The support of their European and American allies and the African Union against the jihadists is necessary for the Nigerien president.

The European Union in its fight for security and stability is strengthening its action in Niger. The G5 Sahel joint force, since 2020, completes the foreign contribution to the fight against terrorism. Within it, a contingent of 1,200 soldiers of the Chadian army, reputed to be the most seasoned in the region, has been deployed in the tri-border area.

President Bazoum aims to return all those displaced by insecurity to their villages of origin while guaranteeing their safety. This is a real political will on his part that has been very successful. The governors of the different regions are contributing to this by creating a climate of trust between the different communities and the different components of the population.

Since France announced in mid-February 2022 that it was withdrawing its Barkhane and European Takuba forces from Mali, Niamey has been fearful of a new jihadist upsurge in the vast region known as the three borders.

More than a year after coming to power and while his country is called upon to play a central role in the fight against terrorism in the region, President Bazoum announced the release of several “terrorists” detained in Niger, including, for the first time in this country, members of Boko Haram, as part of “the search for peace.

A strong supporter of this line, he has also initiated discussions with elements of the Islamic State in the Great Sahara responsible for recurrent deadly attacks in the west of the country.

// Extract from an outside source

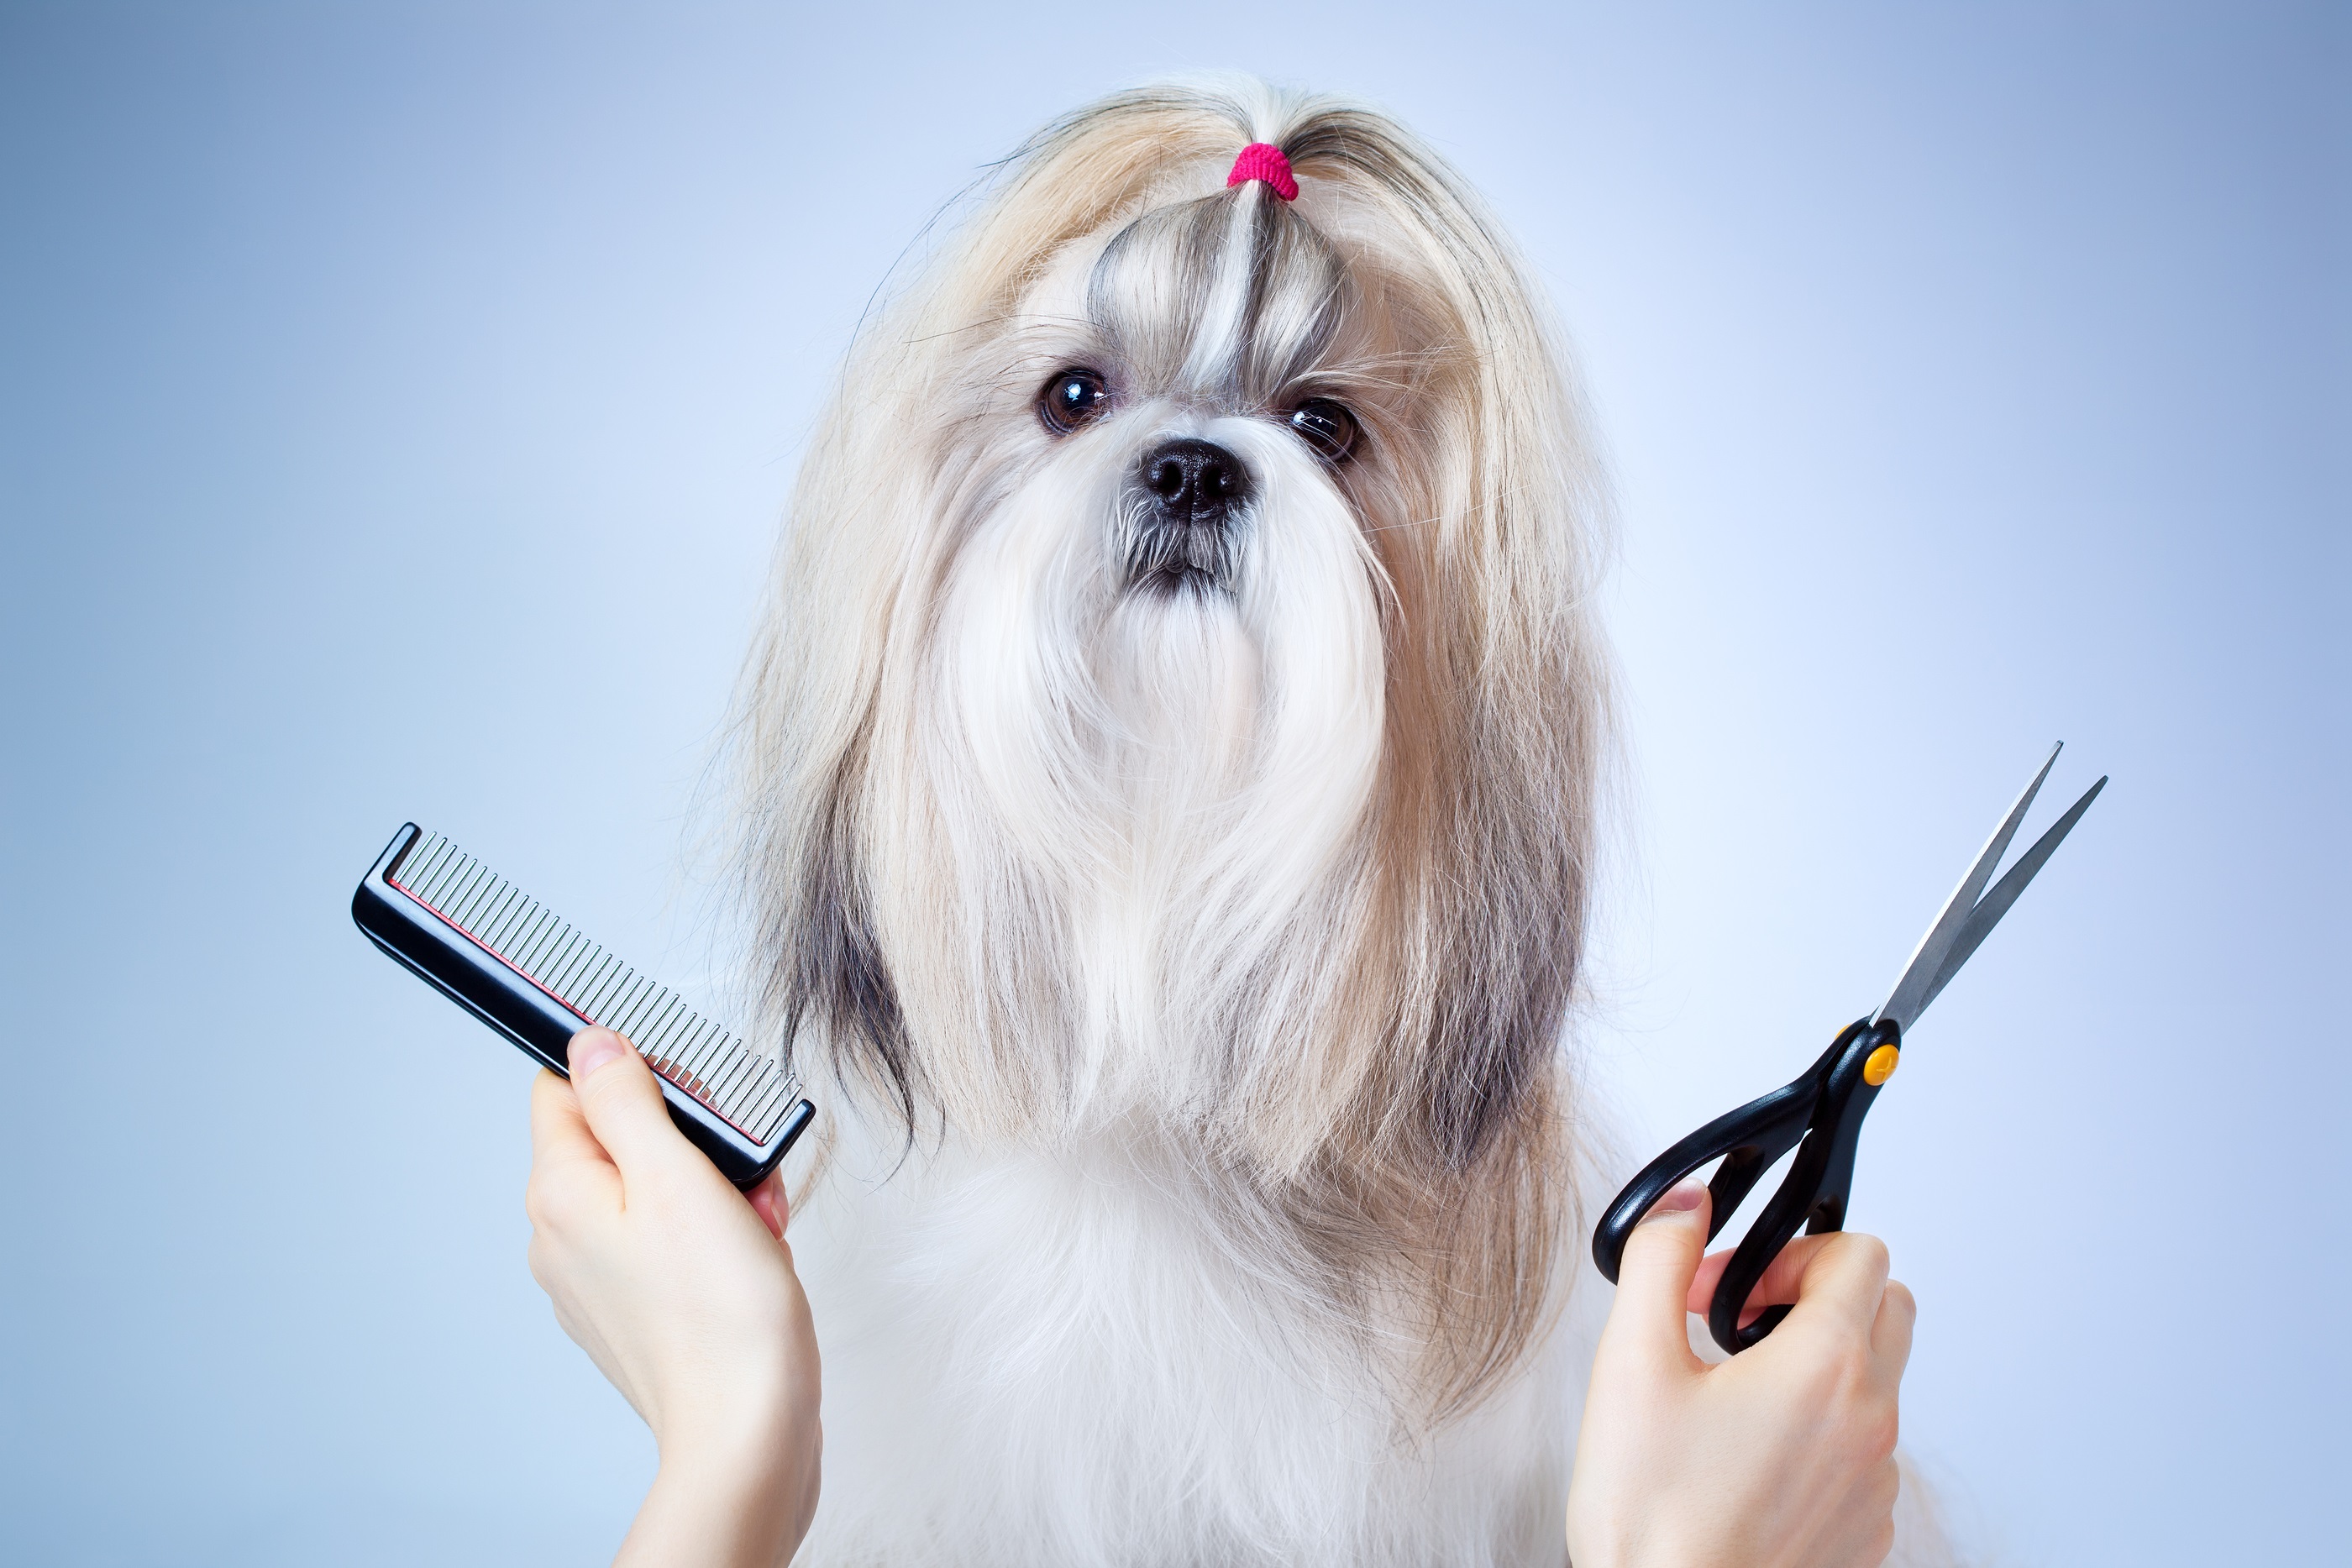 Dog grooming apps

It is a new approach, that of the “helping hand” policy, which is aimed at young Nigeriens enlisted in the ranks of terrorist groups. They are, in particular, the sons of pastoralists impoverished by recurrent droughts, the expansion of agricultural land and cattle raids by armed groups.

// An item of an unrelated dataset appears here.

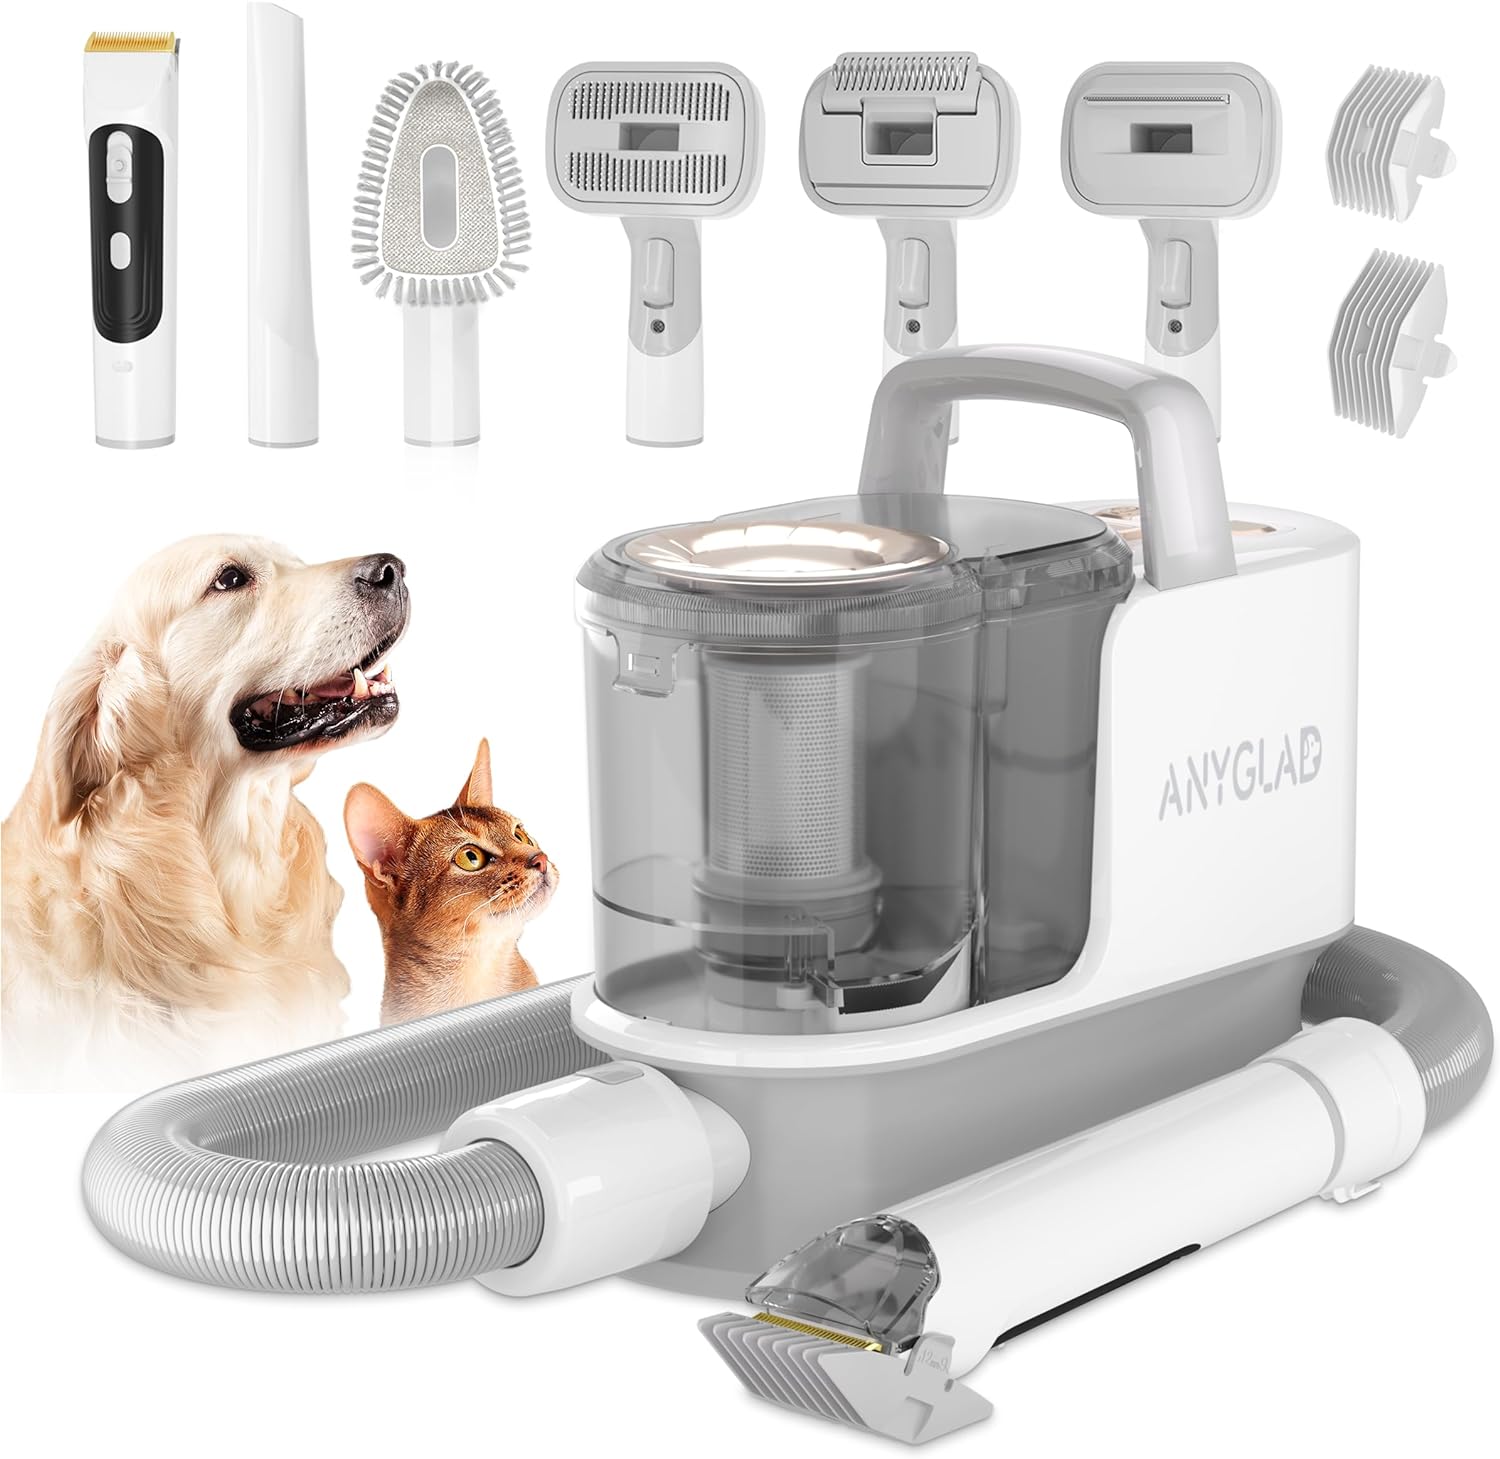 Read more about the article Anyglad Low Noise Dog Grooming Kit Review

As a gesture of goodwill, the head of state released seven terrorists and received them at the presidential palace. He also sent emissaries to nine known terrorist leaders. These are local elected officials, influential traditional and religious leaders, and people close to the jihadists. In taking this approach, President Bazoum wanted to address the structural causes of the crisis and establish a genuine dialogue with the communities.

These credible mediators are in a position, if they wish, to recreate trust. It should be noted that many Nigerien jihadist fighters are former members of a Peuhl self-defense militia that was disbanded in October 2011 by the authorities. Once disarmed, these militiamen were abandoned by the state and then taken over by armed terrorist groups.

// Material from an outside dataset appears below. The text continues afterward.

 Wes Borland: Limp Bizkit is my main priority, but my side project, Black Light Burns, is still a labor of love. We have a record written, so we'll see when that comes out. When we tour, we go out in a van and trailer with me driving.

This is not the first time Niger has experimented with local solutions to armed groups. As early as 2016-2017, the authorities decided to reach out to repentant former Boko Haram fighters. This option led to the surrender of dozens of active fighters in southeastern Niger. By April 2021, more than 240 former members of the terrorist group, including women and children, had completed a deradicalization and vocational training program at a Repentant Centre in Goudoumaria after surrendering to the authorities.

However, the issue of dialogue is not unique to Niger; it is also an issue in neighboring Mali. In 2020, former President Ibrahim Boubacar Keïta asked for emissaries to be sent to two jihadist leaders. However, there is no question of abandoning the military response to the jihadists for good.